Installation view of JULIET CARPENTER’s video installation EGOLANE (2022). Photo by Ivan Murzin. Courtesy Auckland Art Gallery Toi o Tamaki. 

New Zealand’s 11th Walters Prize Names Four Nominees

New Zealand’s contemporary art prize, the Walters Prize, has nominated four finalists for its 2024 edition. The shortlisted artists include sculptor Brett Graham, artist and writer Owen Connors, filmmaker Julie Carpenter, and multimedia artist Ana Iti. Selected based on their body of works produced between 2020 and 2022, the nominees were praised by jurors for presenting “extraordinary works [addressing] the cultural, social, and political conditions of our time, and [asking the public] to pay careful attention to the way histories are made, told, and maintained.” Conners was named for his queer-themed egg tempera paintings based on European art historical canons and virus-like paintings. Graham was nominated for his ornately carved sculptures of fortifications rooted in Tainui and Taranaki Māori culture. Carpenter’s psychological film EGOLANE (2022) reflected lockdown-era truths. Iti received recognition for her stone sculptures evoking Māori mythology. Hosted by Auckland Art Gallery Toi o Tāmaki, the NZD 50,000 (USD 31,200) Prize has been changed to a triennial format in efforts to consider artists’ contributions to contemporary art more holistically. The exhibition of the 11th Walter Prize is scheduled to open in mid-2024, prior to the announcement of the winner at the end of the year.

Portrait of UTE META BAUER. Photo by Alessandro Brasile. Courtesy Diriyah Contemporary Art Biennale. 

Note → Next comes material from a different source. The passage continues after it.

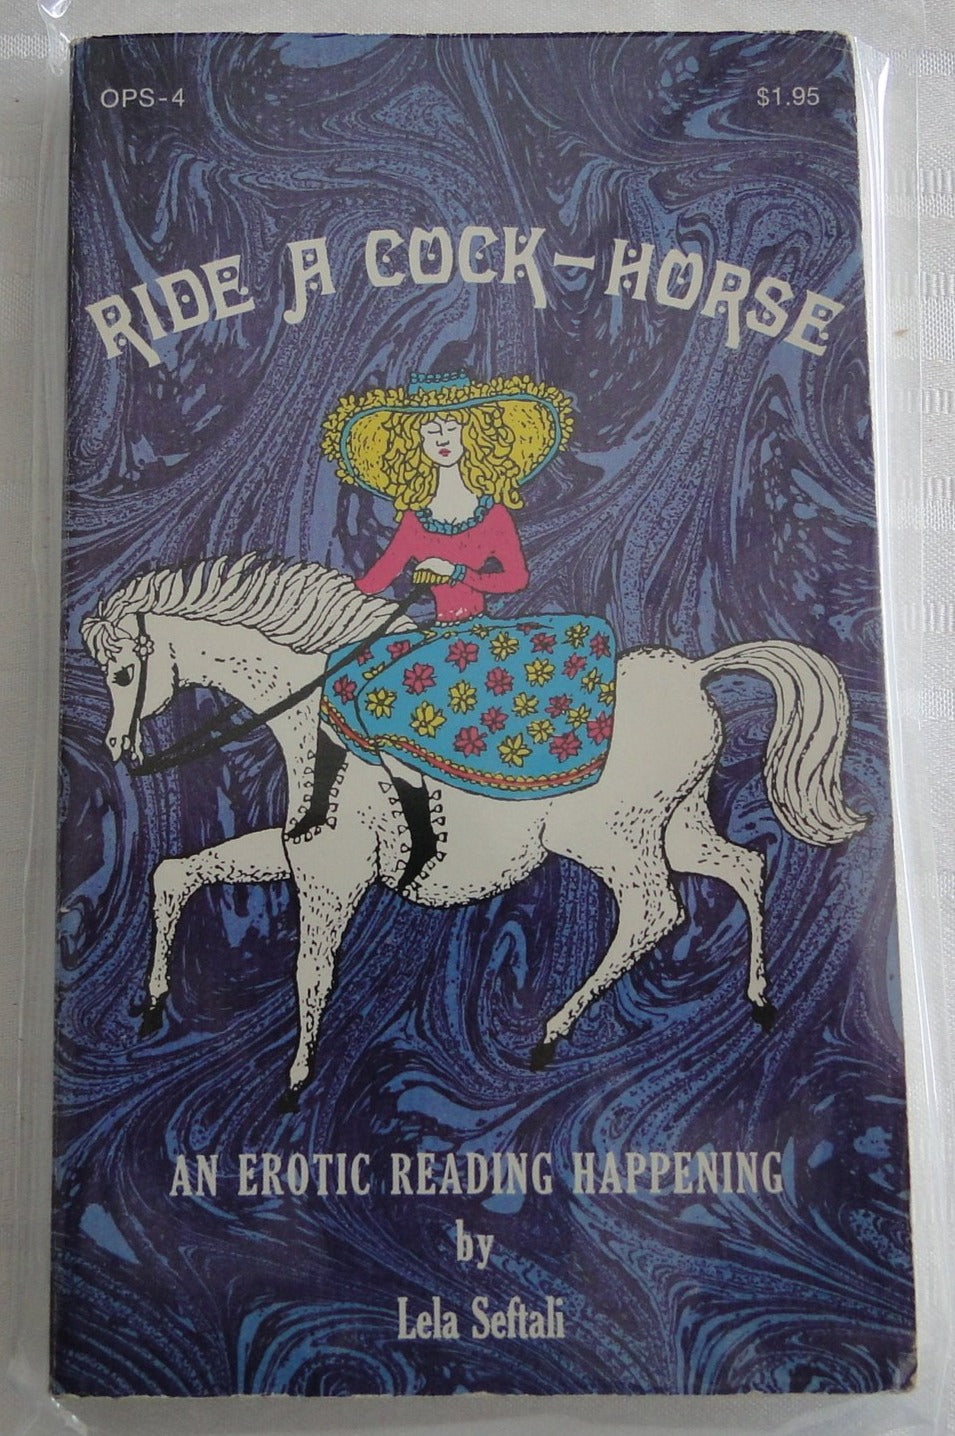 Vintage Adult Paperback Novel/Book Ride A Cock Horse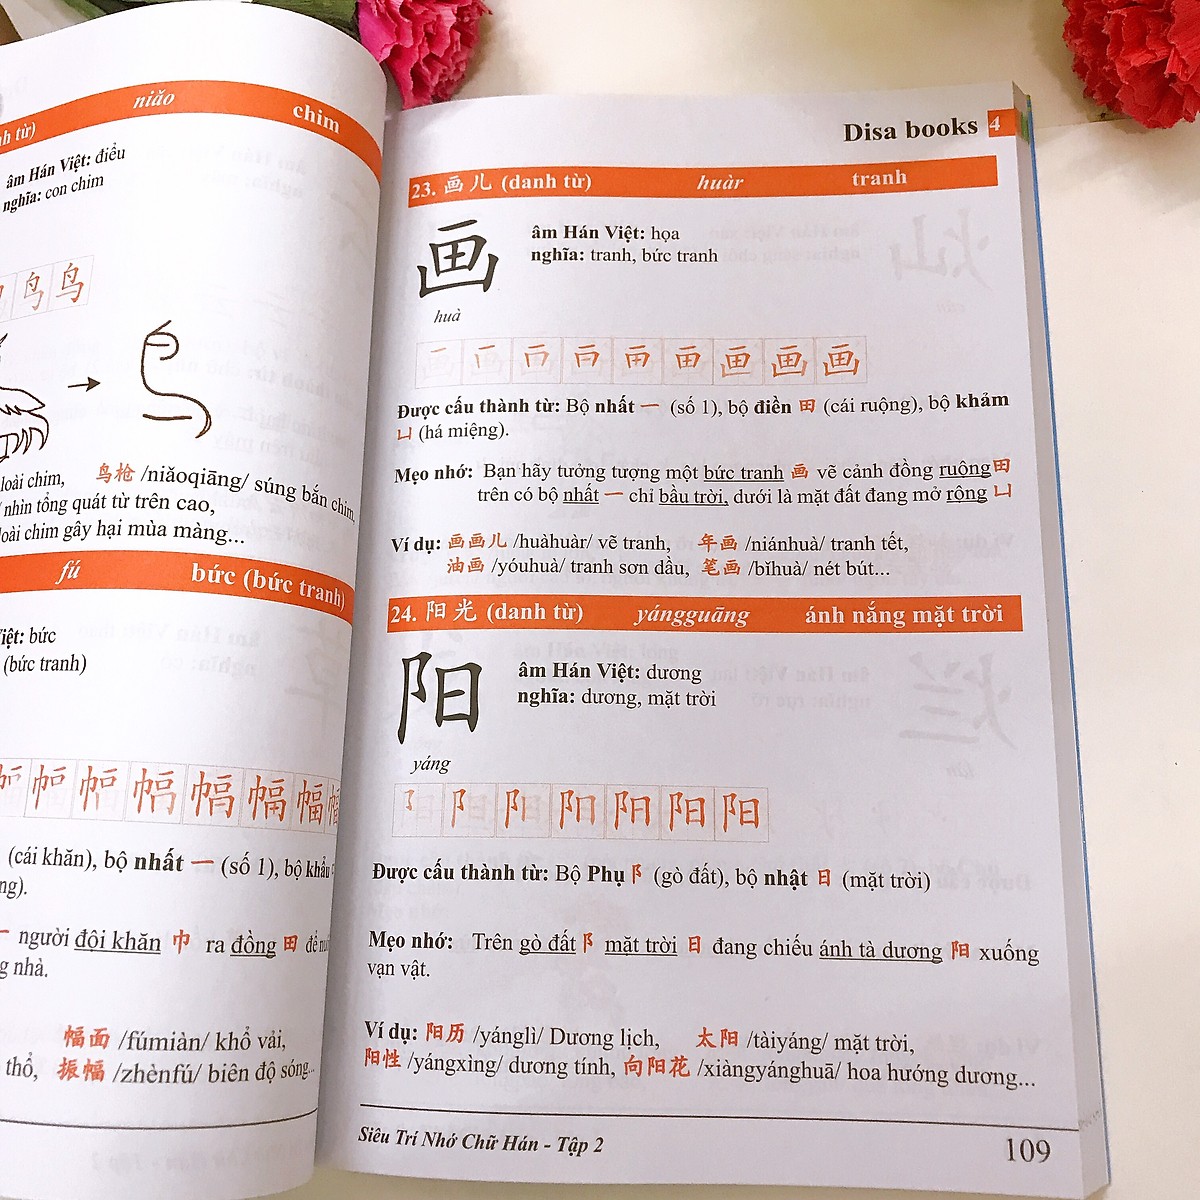 Combo 4 sách: Siêu trí nhớ chữ Hán tập 01 + tập 02 + tập 03 + 5000 từ vựng tiếng Trung thông dụng nhất và DVD tài liệu nghe

Ute Meta Bauer to Lead the 2024 Diriyah Contemporary Art Biennale

International curator and professor of contemporary art, Ute Meta Bauer, has been appointed artistic director of the 2024 Diriyah Contemporary Art Biennale. Bauer has previously helmed a number of curatorial projects at international festivals, including the Singapore Pavilion for the 59th Venice Biennale, the 17th Istanbul Biennale, Documenta11 under then-artistic director Okwui Enwezor, and the third Berlin Biennale for Contemporary Art. Deeply involved in art education, she also held executive positions in leading cultural and academic institutions worldwide, such as the Academy of Fine Arts Vienna, the Office for Contemporary Art Norway, the Royal College of Art, London, and the Massachusetts Institute of Technology. Bauer currently co-chairs the master’s program in museum studies and curatorial practices at the Nanyang Technological University School of Art, Design and Media in Singapore. Bauer was selected by an independent, international advisory committee, which consists of Rafal Niemojewski, director of Biennial Foundation; Antonia Carver, director of Art Jameel; artist-curator Akram Zaatari; curator Raneem Farsi; and art patron and collector Sarah Binladen. The second edition of the biennale will open in Saudi Arabia next January, continuing its goal to showcase underrepresented Middle Eastern artists while catalyzing international exchange in a burgeoning local art landscape.